The belief that dollars created out of thin air have real value creates the illusion that government deficits don’t matter, and that the government can create real wealth through the printing press. While I believe that such a system is dangerous and invites the kind of government expansion and currency debasement we have seen since 1971, there can be no doubt that it can function, at least until the confidence that undergirds the whole system finally gives way. That’s because no one wants money for its own sake. They want it for the things it can buy.
The acceptance of intrinsically worthless fiat currency has led to the wide acceptance of similarly worthless crypto currencies. But virtual assets don’t share the illusions baked into virtual currencies. They are the things that you want to buy with the money. It’s a much heavier lift to convince someone that a virtual house is as good as a real one…especially if it’s raining. As a result, the NFT rally should prove more ephemeral than the rise of cryptos themselves.
It is conceivable, I guess, that this physical world becomes so unpleasant and inhospitable, and that the virtual world becomes so accessible, visceral, and fantastical (through better technology), that a significant number of people will prefer to live in their basements with virtual reality headsets then to go to actual places and meet actual people. If that’s the case, maybe a penthouse on virtual Fifth Avenue will be worth more than an actual penthouse on Fifth Avenue?
But unlike the real thing, which is strictly limited by size, space, and the difficulty of building actual dwellings, there is really no limit to the number of virtual penthouses that can fit on virtual Fifth Avenue, or the number of virtual Fifth Avenues that can be created, or even the number of virtual New Yorks. So even if there is some cache’ to the virtual digs, how much could it really be worth, especially if the only reason to buy it is to virtually live in it rather than sell it to a greater fool willing to pay more?

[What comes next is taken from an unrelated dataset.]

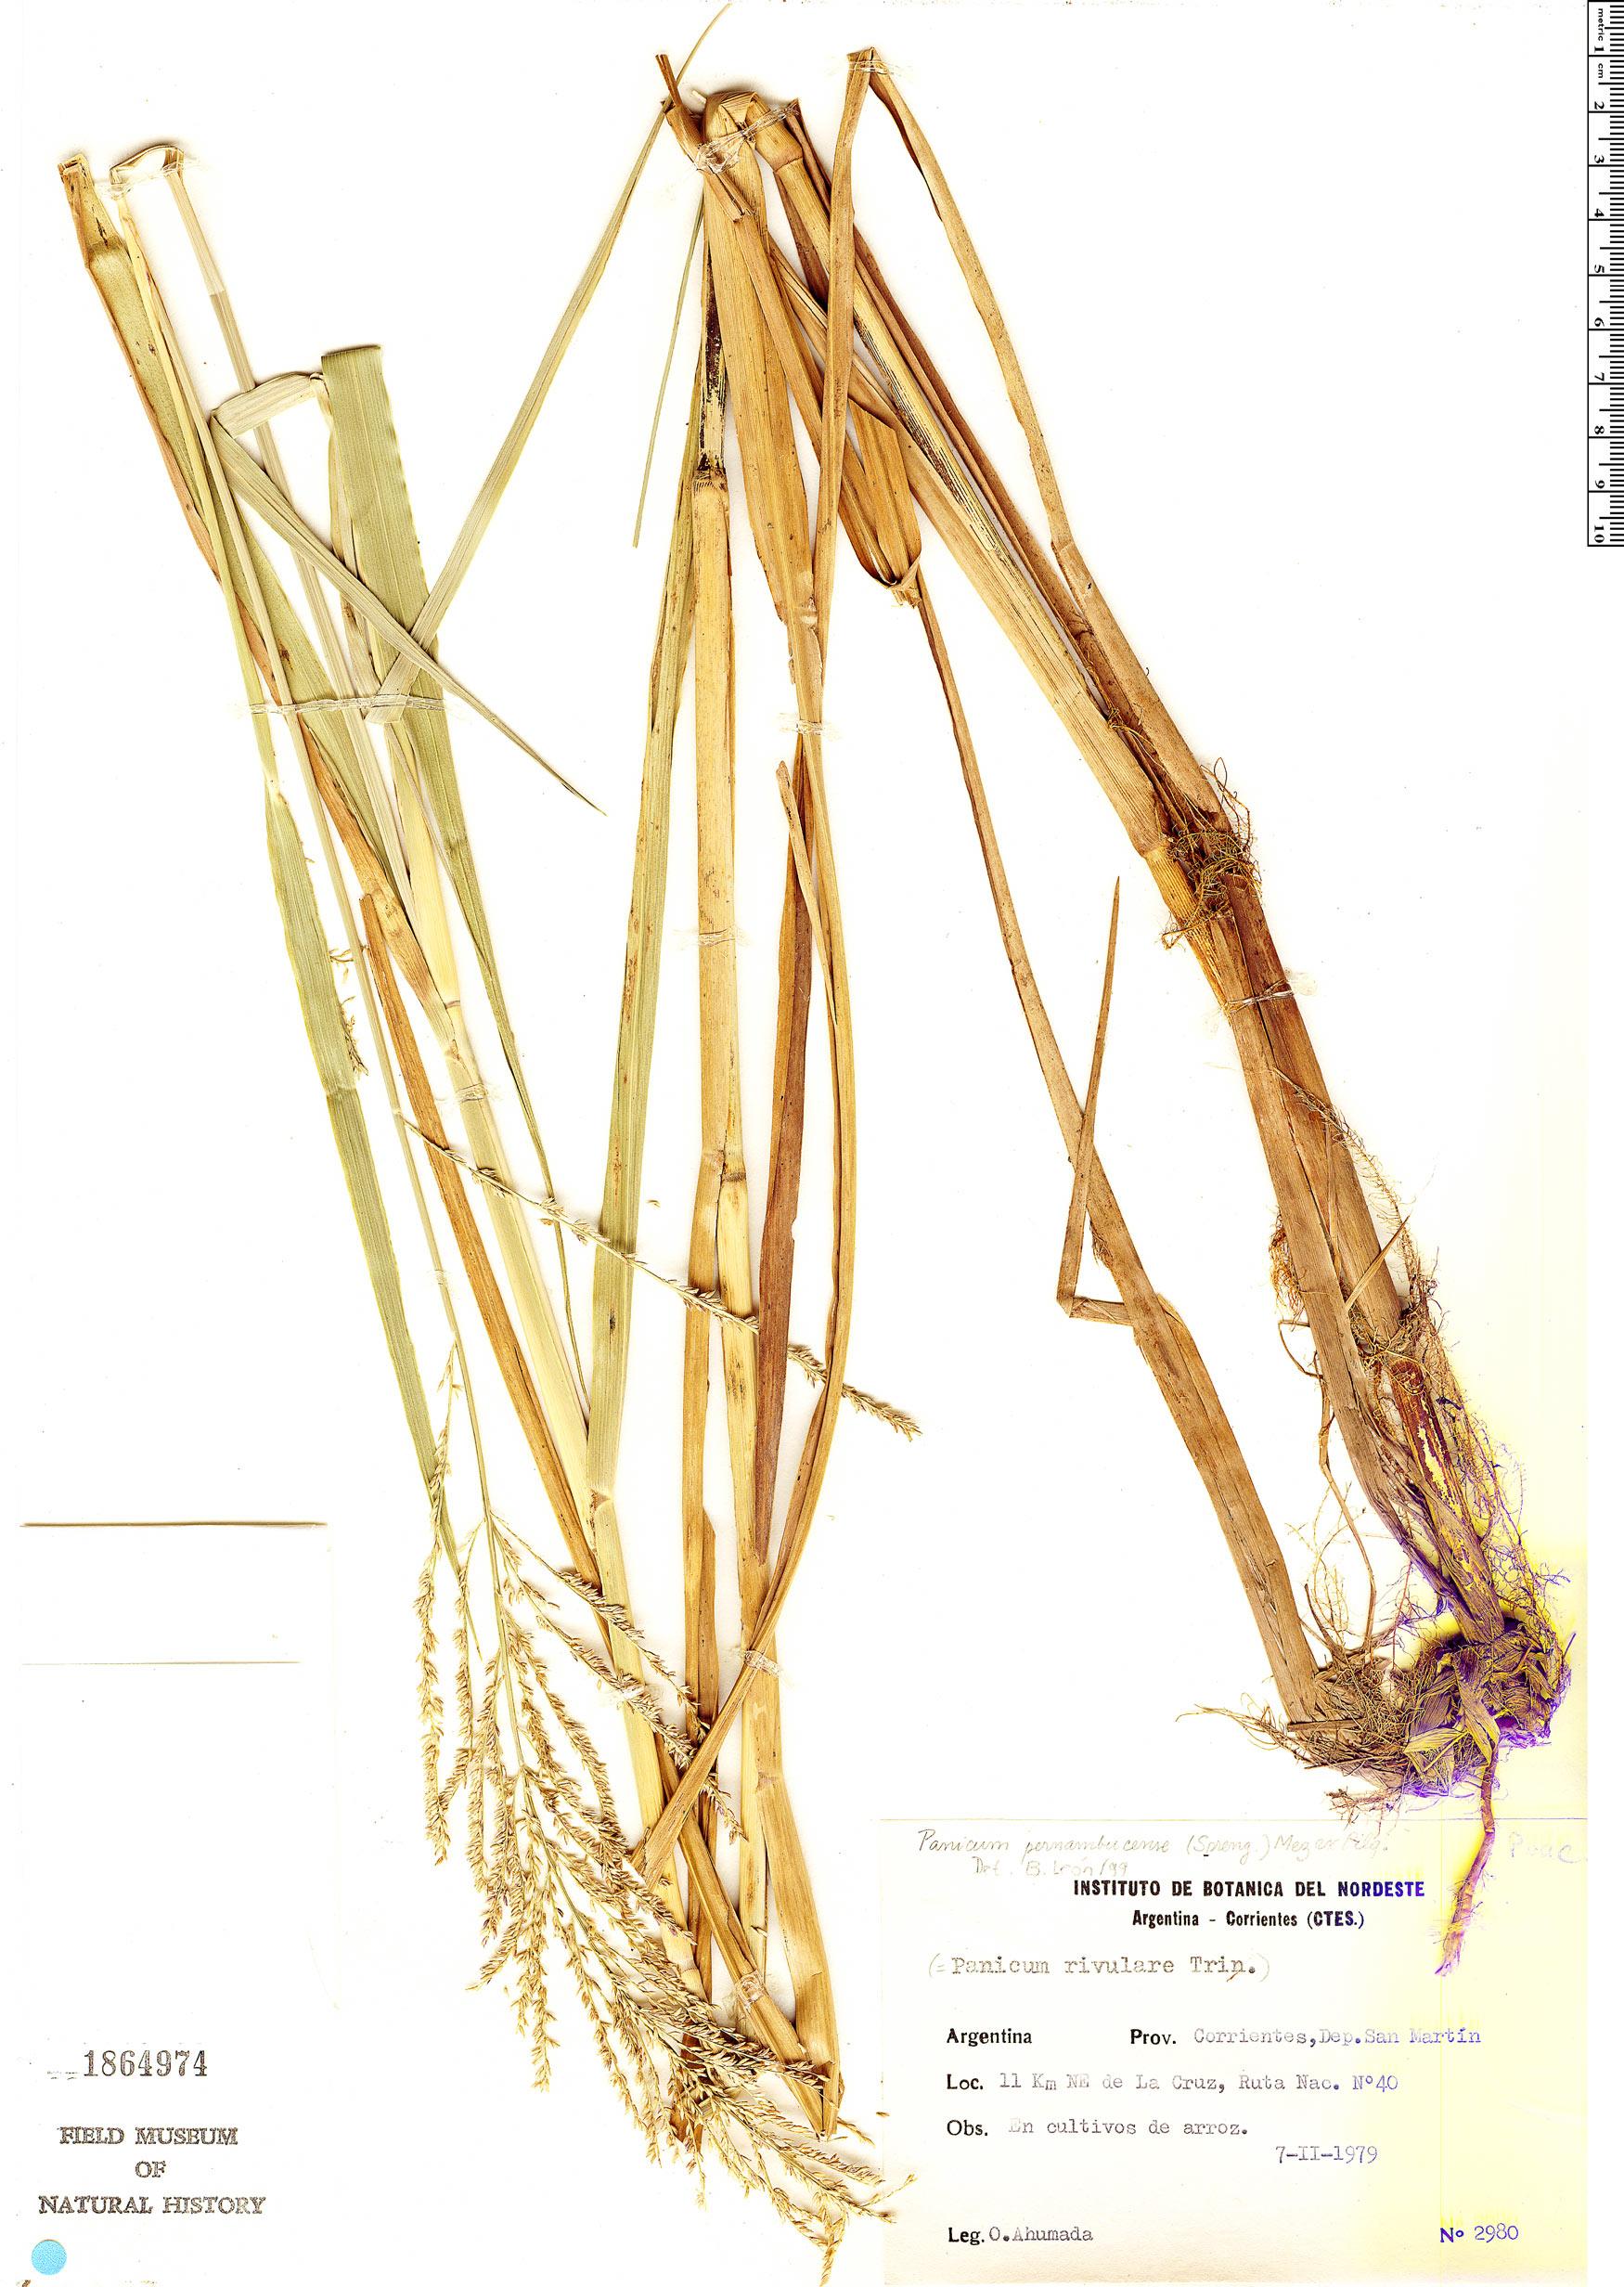 Espécime: Hymenachne pernambucensis

Maybe I’m out of touch, but I don’t see that happening anytime soon. Strangely, most people still prefer things that they can touch to things that they can’t. The Matrix was just a movie. It should come as no surprise the Beeple (the artist) immediately turned around and converted the $69 million he made from the sale of his art into dollars.
And so, I suspect that this mania will soon be shown for what it is: a speculative bubble on steroids. Maybe the ultimate collapse of the NFT market will be the pin that pricks the larger crypto bubble. When that happens, perhaps some of the people who were buying what they thought was digital gold will finally buy some of the real thing. That’s because digital gold is as much real gold as a digital house is a real house.